Ok. That's what I get so it should work assuming the PCMCIA card and CDRom for the laptop are in working order.


----------



## ~Candy~

Candy still hasn't received file. Wonder if my server is filtering......hmmm.....try [email protected] I've gotten over 100 of the sobig virus on that one


----------



## NiteHawk

I was just surprised that it shut down and didn't go to a DOS A: prompt. I'll have to look at their error handeling routine


----------



## kilowatt1

NH,

Try the boot disk again and this time just let it sit for a minute or two after the Driver Dumped message. See what you think about the Recovery of Pre-installed Software screen. If you enter Y it will warn you that all user data on hard disk will be deleted!


----------



## kilowatt1

Candy,

I sent the file to the welcome.techguy mailbox. Since your email address has the .mx extension I assume it got held up at the border !!


----------



## ~Candy~

Hope they don't charge me for customs fees 

Got it  Along with 15 more virus emails *sigh*


----------



## NiteHawk

> _Originally posted by kilowatt1:_
> *NH,
> 
> Try the boot disk again and this time just let it sit for a minute or two after the Driver Dumped message. See what you think about the Recovery of Pre-installed Software screen. If you enter Y it will warn you that all user data on hard disk will be deleted! *


Tried it 3 times and let it sit for awhile. I'll try again in a few minutes.

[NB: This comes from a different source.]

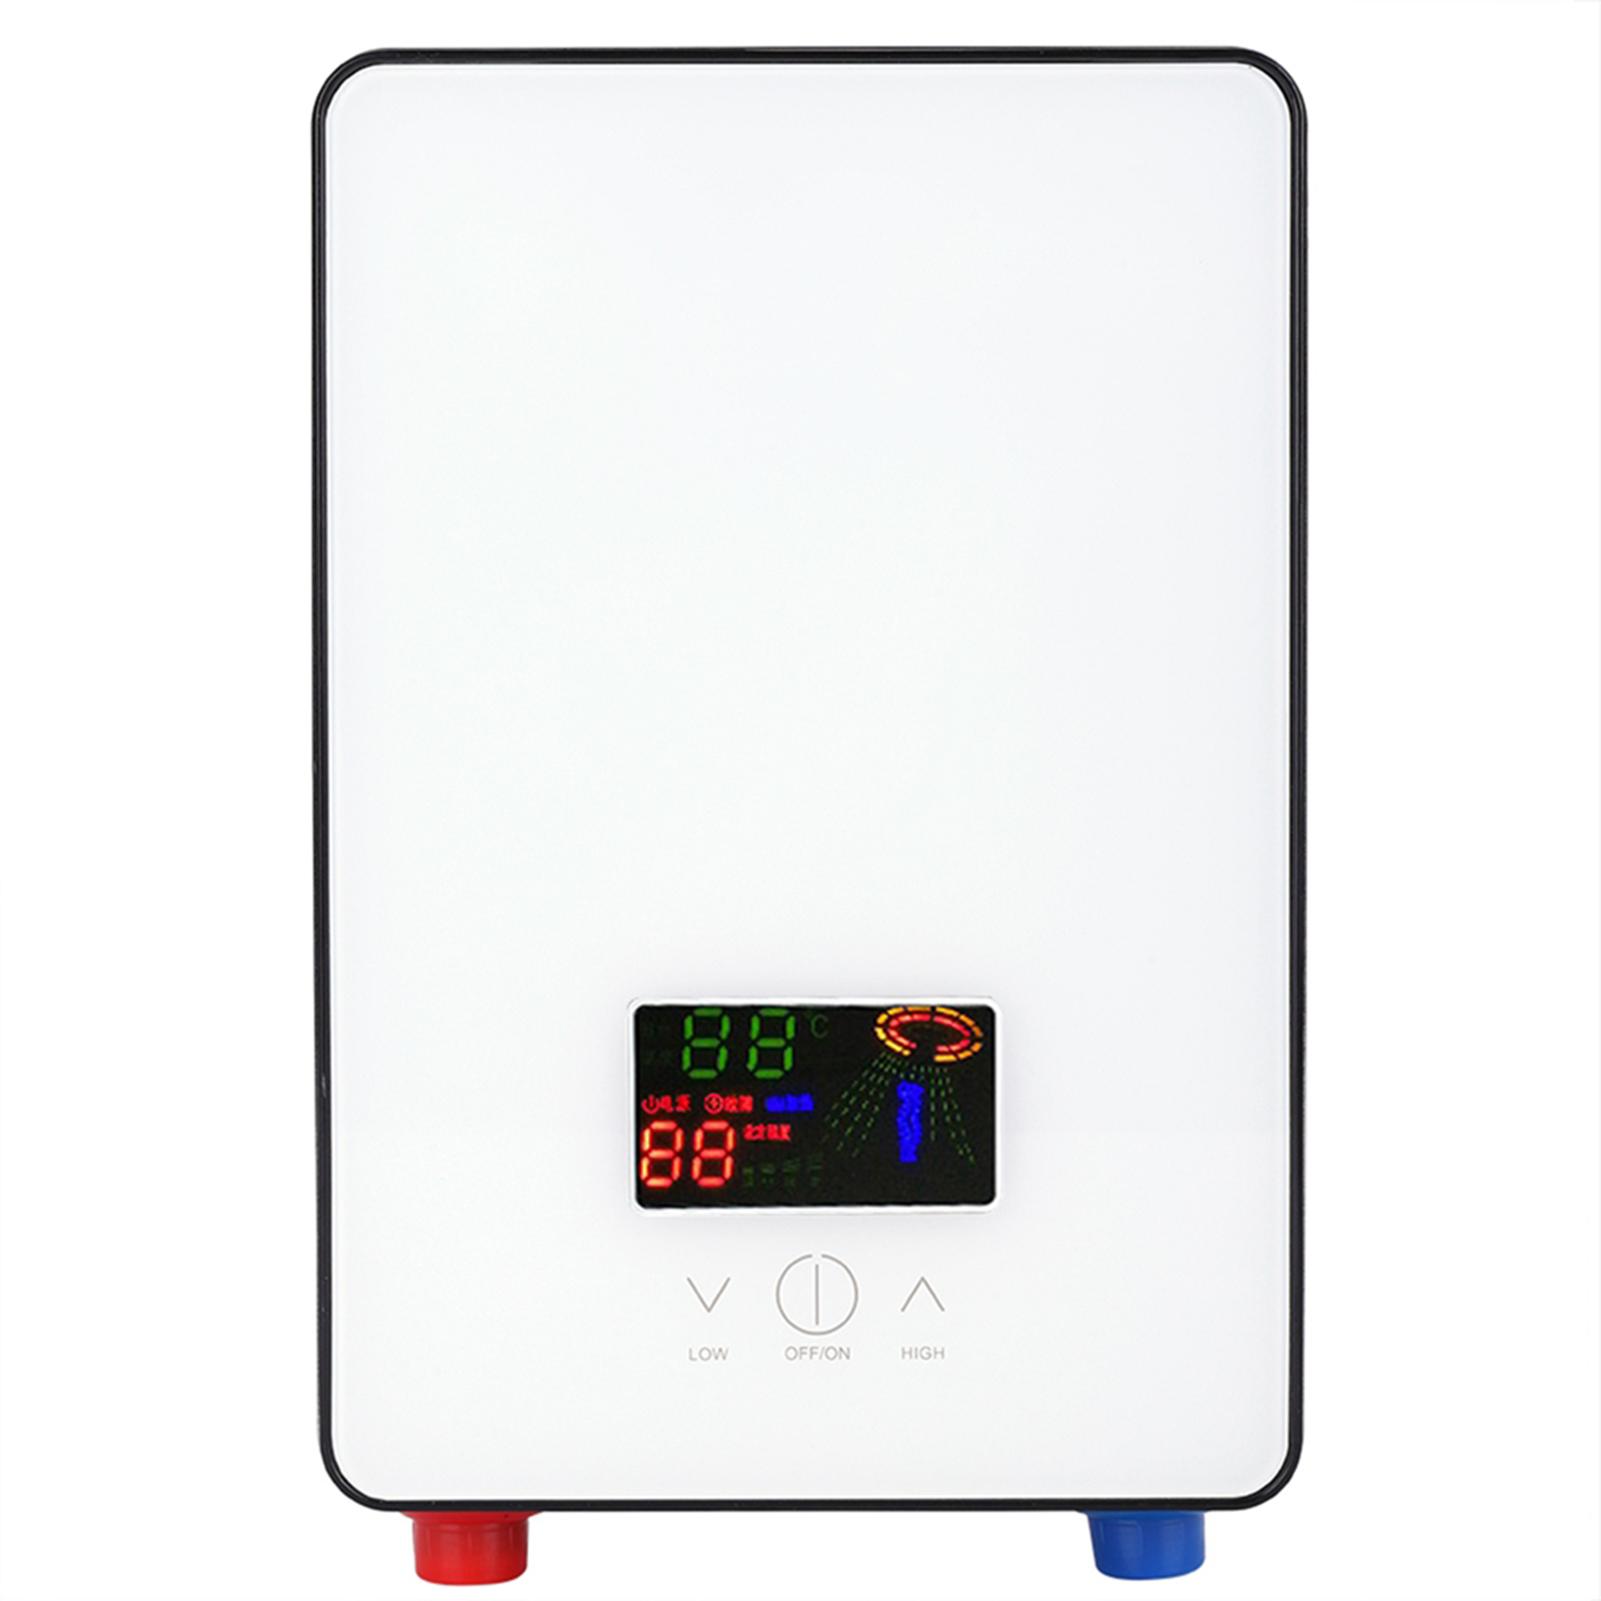 Scaldabagno scaldacqua elettrico istantaneo riscaldatore bagno doccia casa 6500w ebay - Scaldabagno elettrico istantaneo ...

"all user data on hard disk will be deleted!" in her case in not a concern. In MY case....you bet I'm gonna abort out of it!!!


----------



## kilowatt1

Yea, I was tempted to try it (since I was doing it on my wife's machine) to see if indeed it would delete everything. However, I decided I'd better not since I'd be the one who would have to make everything right again. My bet is that it is the format section on the boot disk.


----------



## goddessbev

Well, I didn't make it as early as I wanted to, but here I am. Thanks again for all your effort. What's the new verdict?


----------



## kilowatt1

There you are! We were starting to get worried.

I think we have come up with a solution that might work. First of all we need to know if you have Winzip or something similar on the working computer. I am going to email you a zipped copy of the completed BOOTPORT.EXE floppy so all you'll have to do is extract it directly to a clean floppy disk.


----------



## ~Candy~

*info only here*

My computer shutdown right after it didn't find the cdrom.......so I'm thinking this should work for goddess.......


----------



## goddessbev

I do have winzip. Do you want to email it? If you do, I will PM my email address to whomever wants it, as I really don't want it posted for the whole world to read...Thanks.


----------



## NiteHawk

I got the same results, Candy


----------



## kilowatt1

Yes. Please PM me with your email address.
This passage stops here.